1. Patients who had never previously received anti-angiogenesis treatments had longer progression-free survival
2. Adverse events of combination avelumab and axitinib are mild and include abdominal pain, diarrhea, nausea, and vomiting.
Evidence Rating Level: 2 (Good)
Study Rundown: Type B3 thymoma and thymic carcinoma are aggressive tumours with poor survivability outcomes and there are not many treatment options available for advanced or metastatic disease. This study investigated the efficacy and safety of avelumab and axitinib, an anti-PD-L1 inhibitor and an anti-angiogenesis drug, respectively. The primary outcome of interest was overall response rate (ORR) and secondary outcomes included progression-free survival (PFS) and safety. The overall response rate was 34% (11 of 32 patients), but none had a complete response. There were 34% of patients who had a partial response. In 66% of patients, there was a decrease in size of tumour. Patients who had never previously received anti-angiogenesis treatment had greater ORR (47% vs. 15%). Median progression free survival was 7.5 months. PFS to 6 months was 61.3% and for 12 months was 29.0%. Patients who had never previously received anti-angiogenesis treatment had longer PFS (10.0 months vs. 4.5 months). Safety was measured through adverse events (AEs) and most patients who experienced AEs had only mild symptoms including abdominal pain, diarrhea, nausea, and vomiting. The most common severe AE was hypertension, noted in 19% of patients. Axitinib dose reductions were required in 25% of patients due to AEs. There were no treatment related deaths. Limitations to this study include small study size, which limits the interpretation of subgroup analyses. Additionally, late-onset AEs may not be appreciable in this follow-up timeframe. Despite attention to safety parameters of this treatment, it is difficult to assess impacts on health-related quality of life.

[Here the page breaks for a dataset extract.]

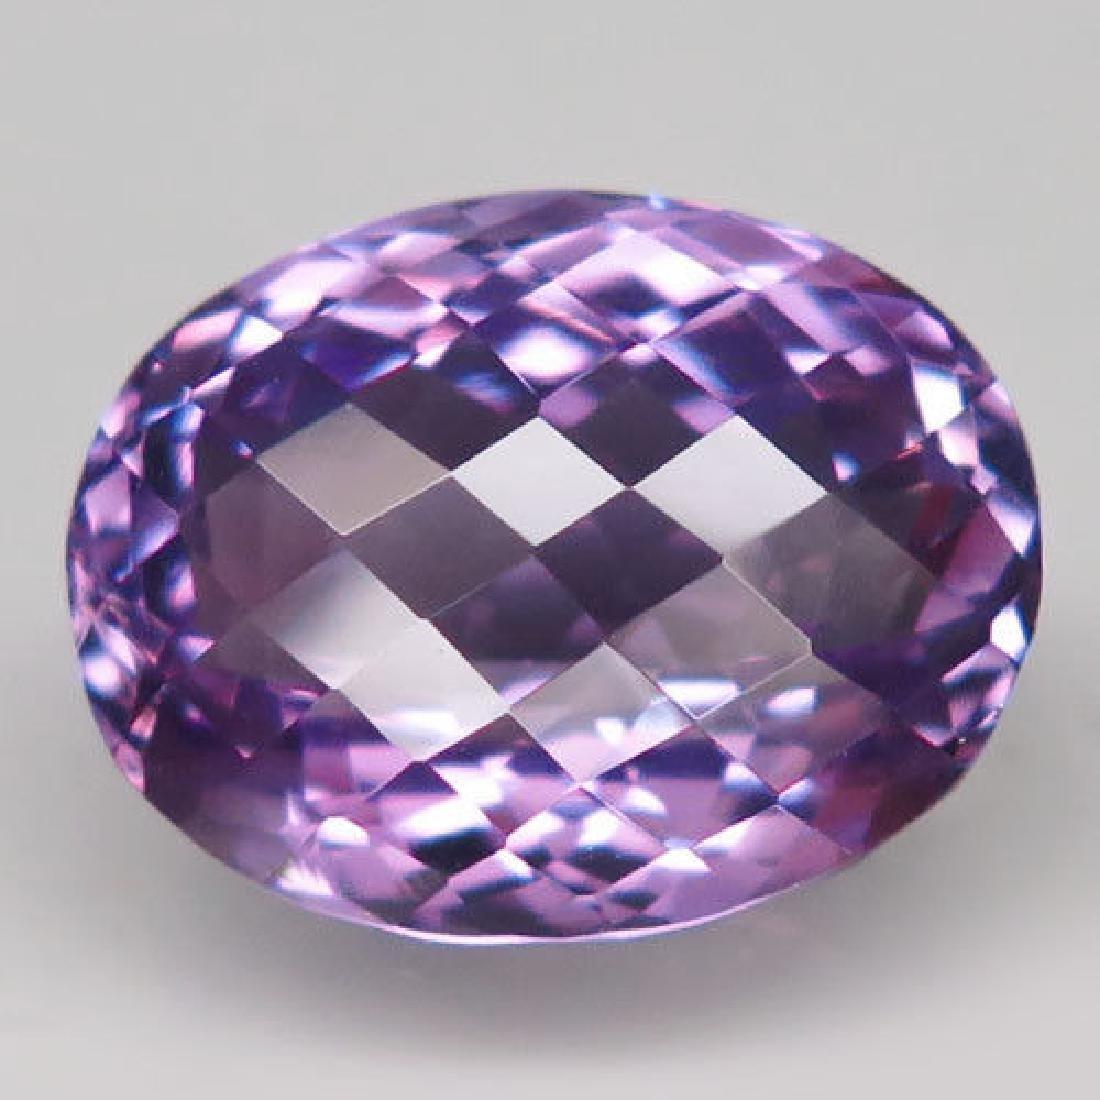 9.68ct 100%Natural Rich Purple Amethyst Unheated Brazil

Overall, the results from this study suggest that there may be benefit of avelumab and axitinib as second-line treatment after standard platinum-based chemotherapy treatment of advanced and metastatic type B3 thymoma and thymic carcinoma.

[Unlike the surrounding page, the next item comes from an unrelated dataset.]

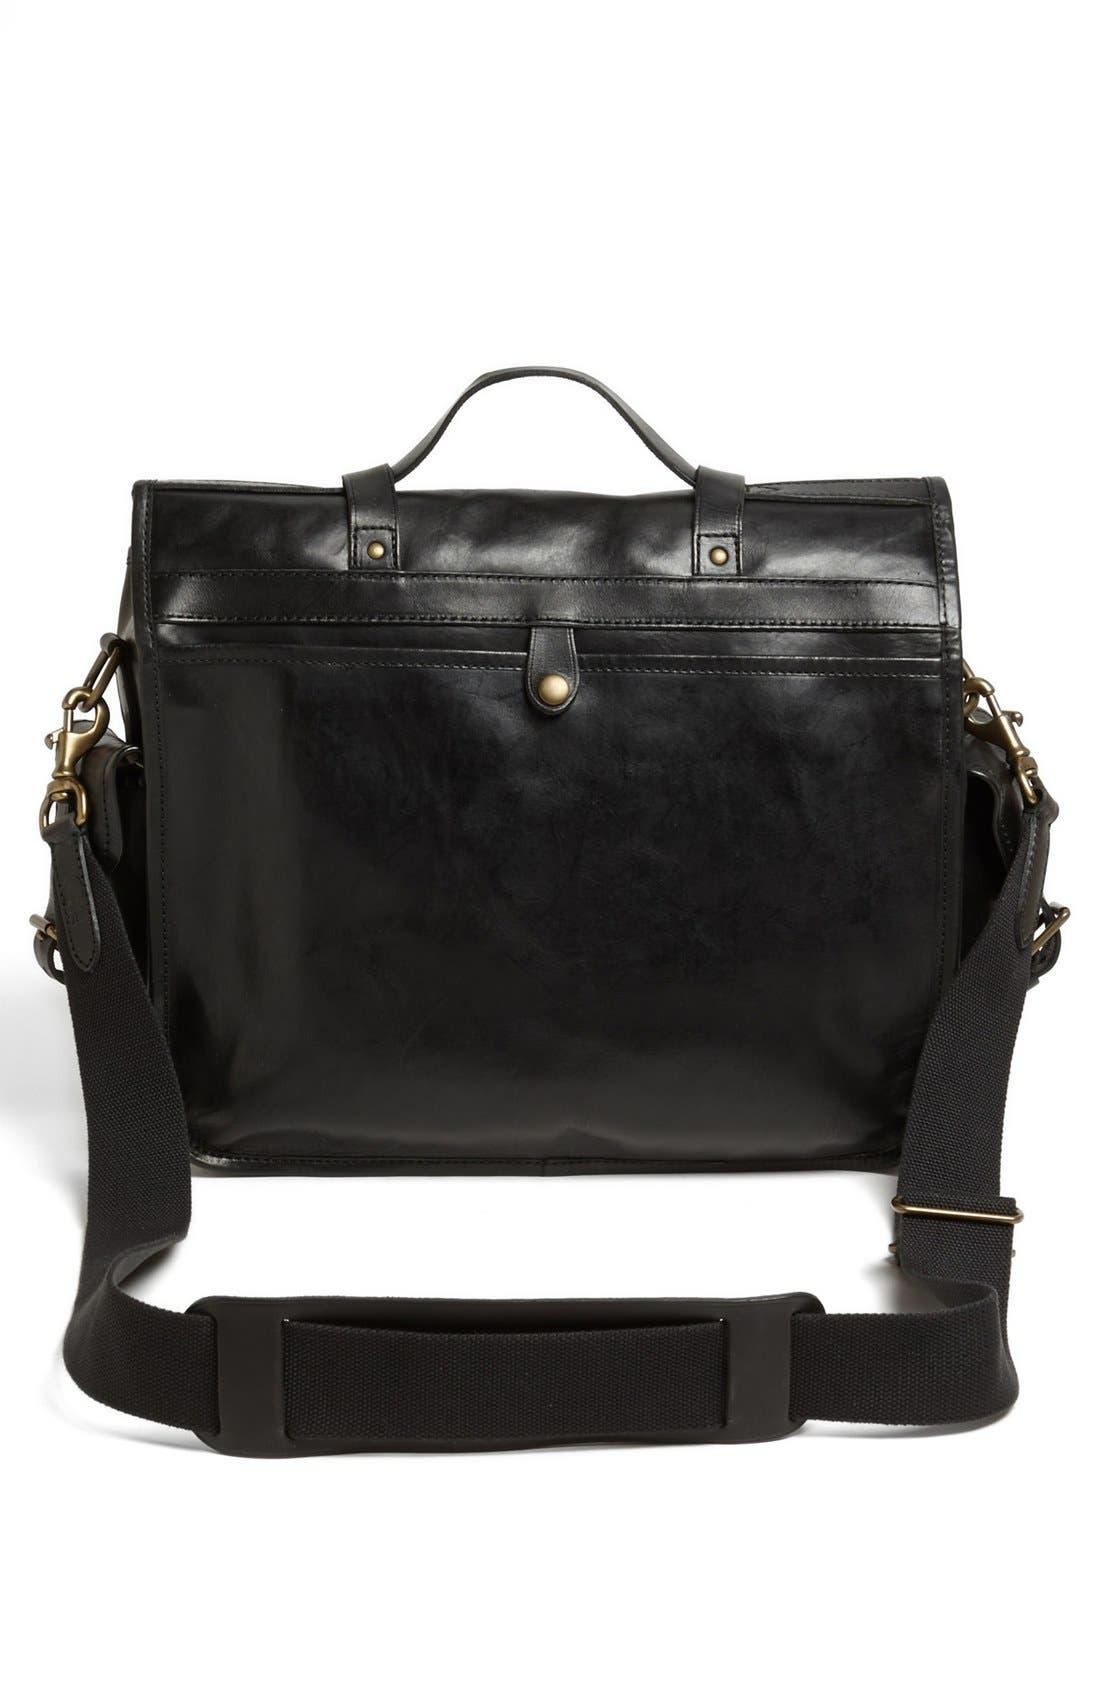 POLO RALPH LAUREN, Leather Briefcase, Alternate thumbnail 4, color, 001

In-Depth [randomized controlled trial]: This single arm, phase 2 trial was completed out of 2 healthcare centres in Italy. The study enrolled 32 adult patients with type B3 thymoma or thymic carcinoma whose disease had progressed despite standard treatment chemotherapy. The ORR was 34% (90% confidence interval (CI), 21-50%). In 26 patients with enough tumour burden to obtain a sample, a subgroup analyses of high, low, or negative PD-L1 tumour expression showed similar ORR between the subgroups (38%, 33%, and 28% respectively). The ORR was 47% (90% CI, 27-68%) in 19 patients who had not previously received anti-angiogenesis agents as compared to 15% in 13 patients who had previously received anti-angiogenesis treatment (90% CI, 3-41%). The median duration of follow-up for PFS was 22.4 months. Median PFS was 7.5 months (90% CI, 3.7-10.0 months) while 6-month PFS was 61.3% (90% CI,45.3-73.9%) and for 12-months it was 29.0% (90% CI, 16.0-43.4%). Post-hoc subgroup analysis of patients who had not previously received treatment with anti-angiogenesis agents showed a median PFS of 10.0 months (90% CI, 7.4-13.1 months) as compared to 4.5 months for those who had (90% CI, 2.4-7.5 months; hazard ratio (HR) 0.56, 90% CI, 0.28-1.09). PFS was not associated with PD-L1 expression when patients were grouped according to low expression vs. high expression or negative status (PFS HR, 1.07; 90% CI 0.51-2.26).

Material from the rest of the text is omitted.